ラテン語 pateo(開いている、蓋のない)、patera(浅い皿)、patella(小さい浅い皿)などの語からスペイン・カタロニア語 paella に定着した。両手のついた金属製の鍋のことを指しているが、同時にこの鍋を使った料理の名にも用いられるようになった。

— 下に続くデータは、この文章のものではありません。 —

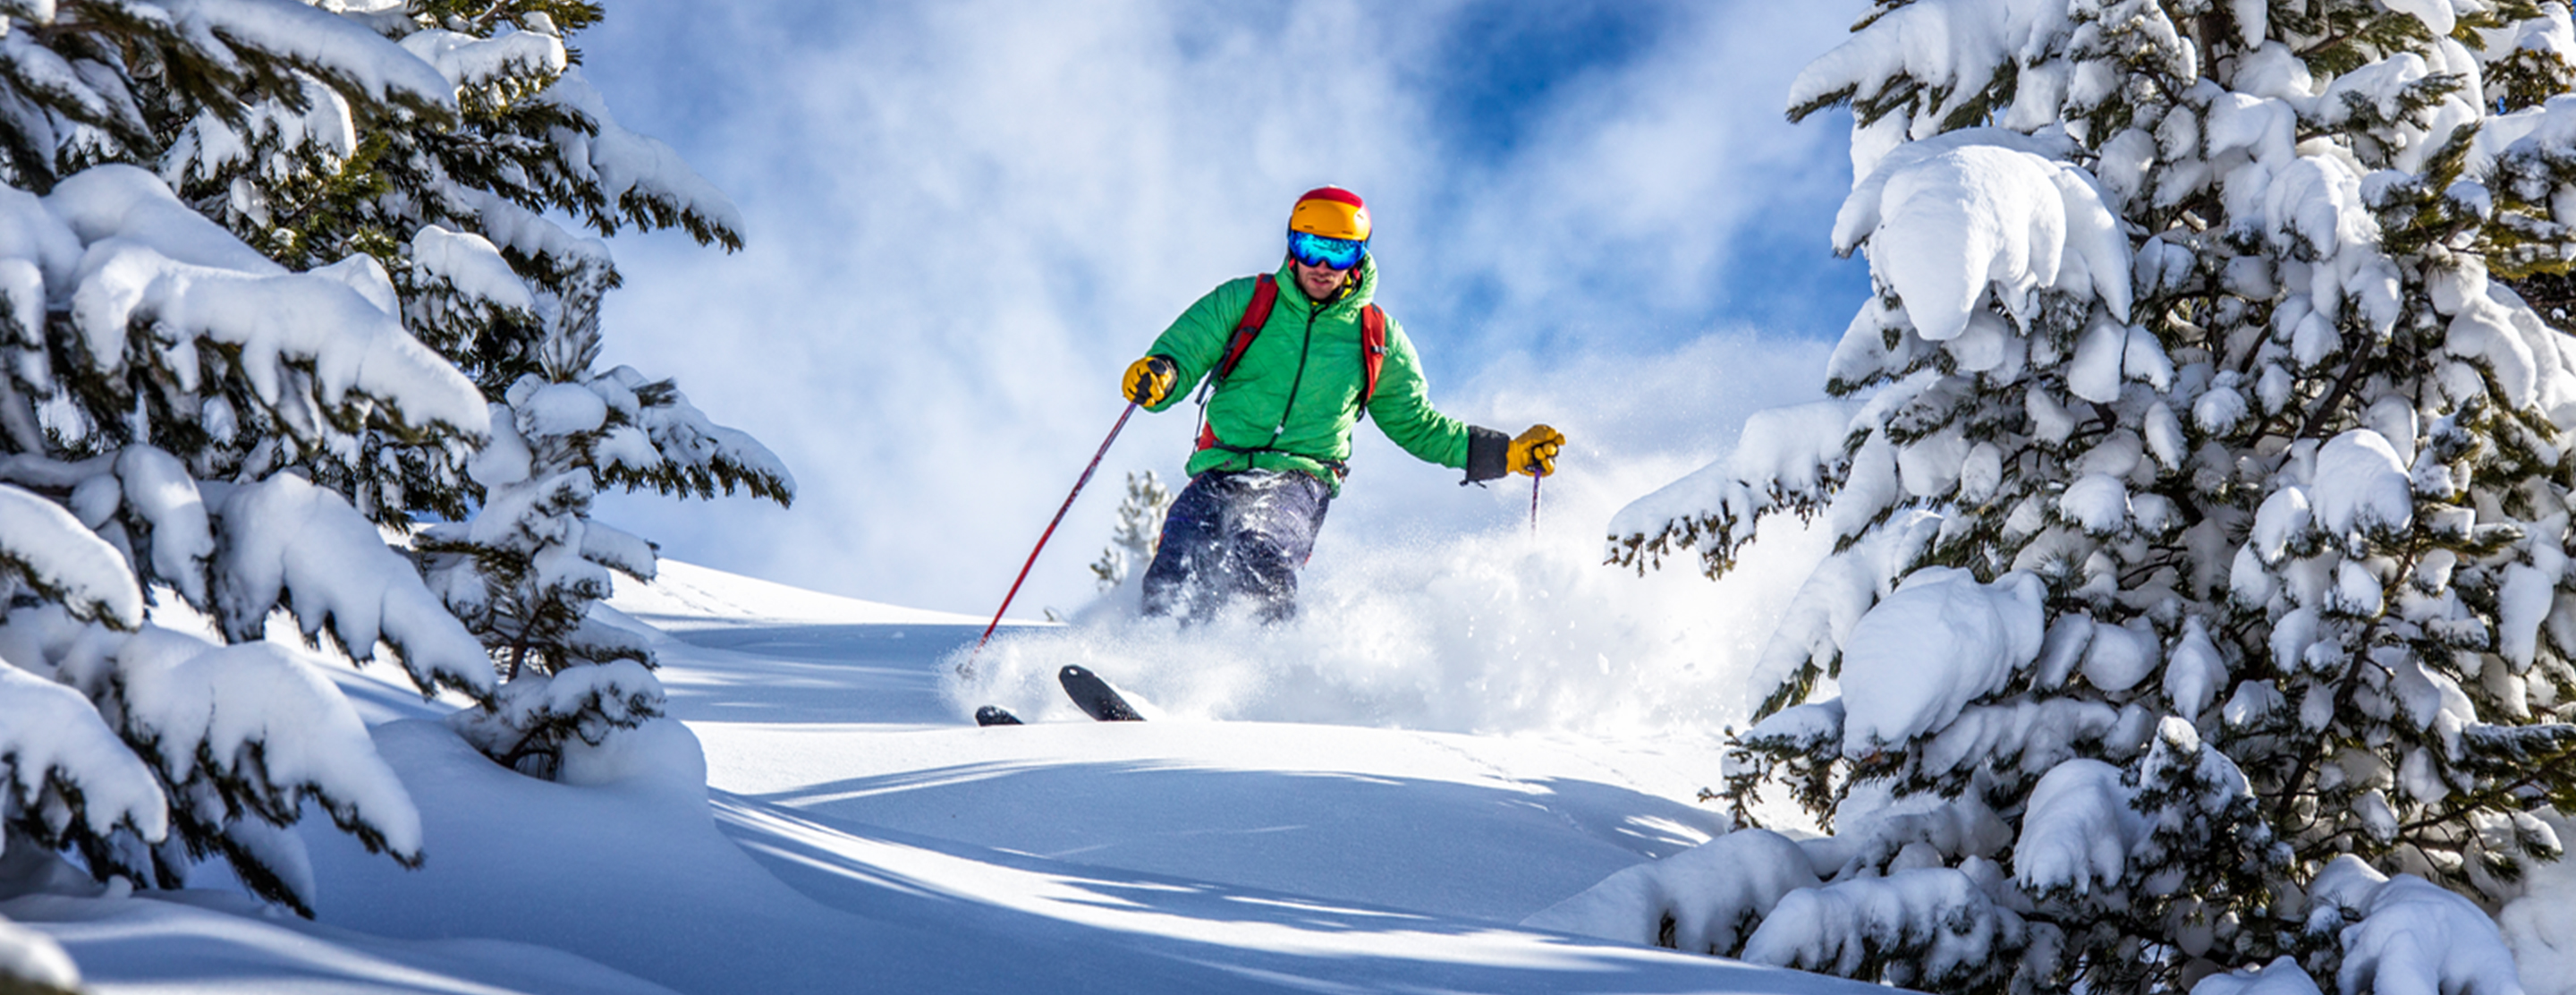 Elemental Seem Counsel Ski and Snowboard Safety Tips | Patient Education | UCSF Health
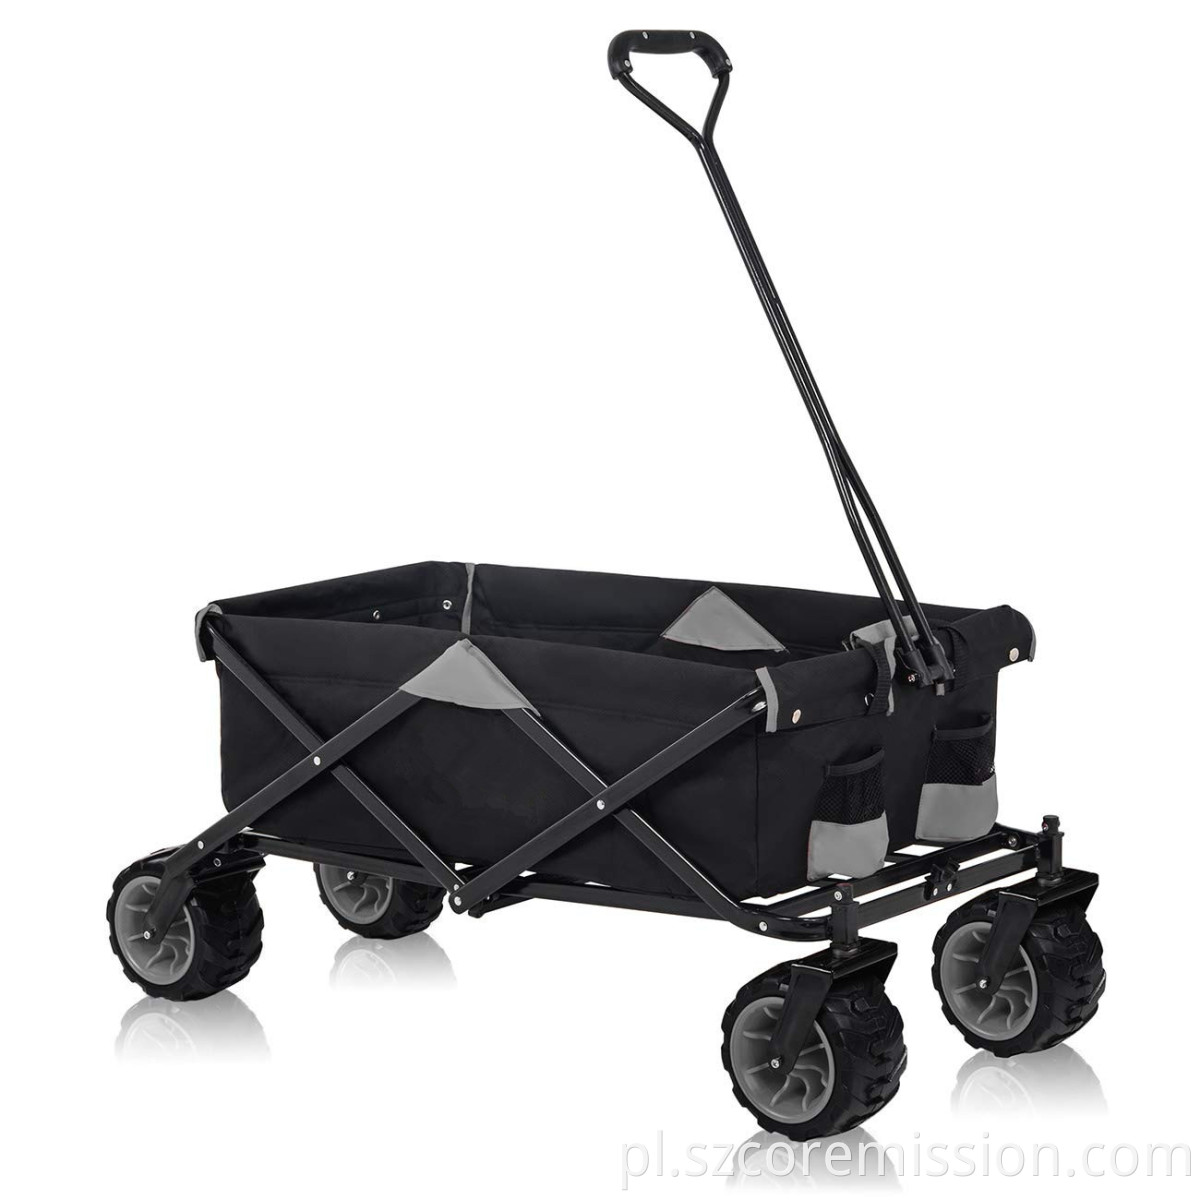 Collapsible Utility Garden Beach Trolley Cart with Handle

◆肉や魚介類、野菜の入った典型的なものをバレンシア風パエリアと呼んでいるが、これはバレンシア本来のものではなく、20世紀ツーリズムの発展に絡んで作られた。もともとは米、いんげん豆、いんげん、かたつむり、そして時には鶏肉、うさぎ肉などが材料であった。
米と野菜だけの素朴なものから肉や魚がふんだんに入ったパエリアまで各地でさまざまなバリエーションがあるので、レストランで出てくるような華やかなものばかりではない。

<米は洗わない?>
日本ではお米は「研ぐ」ものと決まっていたが、このごろでは「洗う」という。今のお米は昔ほど糠がついていないからと聞けばそれなりに納得できる。ところがパエリアの本場、スペインでは米は洗わないで使うというのだ。米の種類や新、あるいは古米による違いもあるが、日本のお米よりも割れやすいので、水を吸いはじめると砕けてしまうというのがその理由だそうだ。汚れはどうなる?と、ついついよけいなことを考えてしまうが、あちらはアチラ流。日本のお米は、いつものように洗って糠を除いて使っていいんじゃないかな。そして洗ったら手早く調理するのがお米の割れを防ぐコツだという。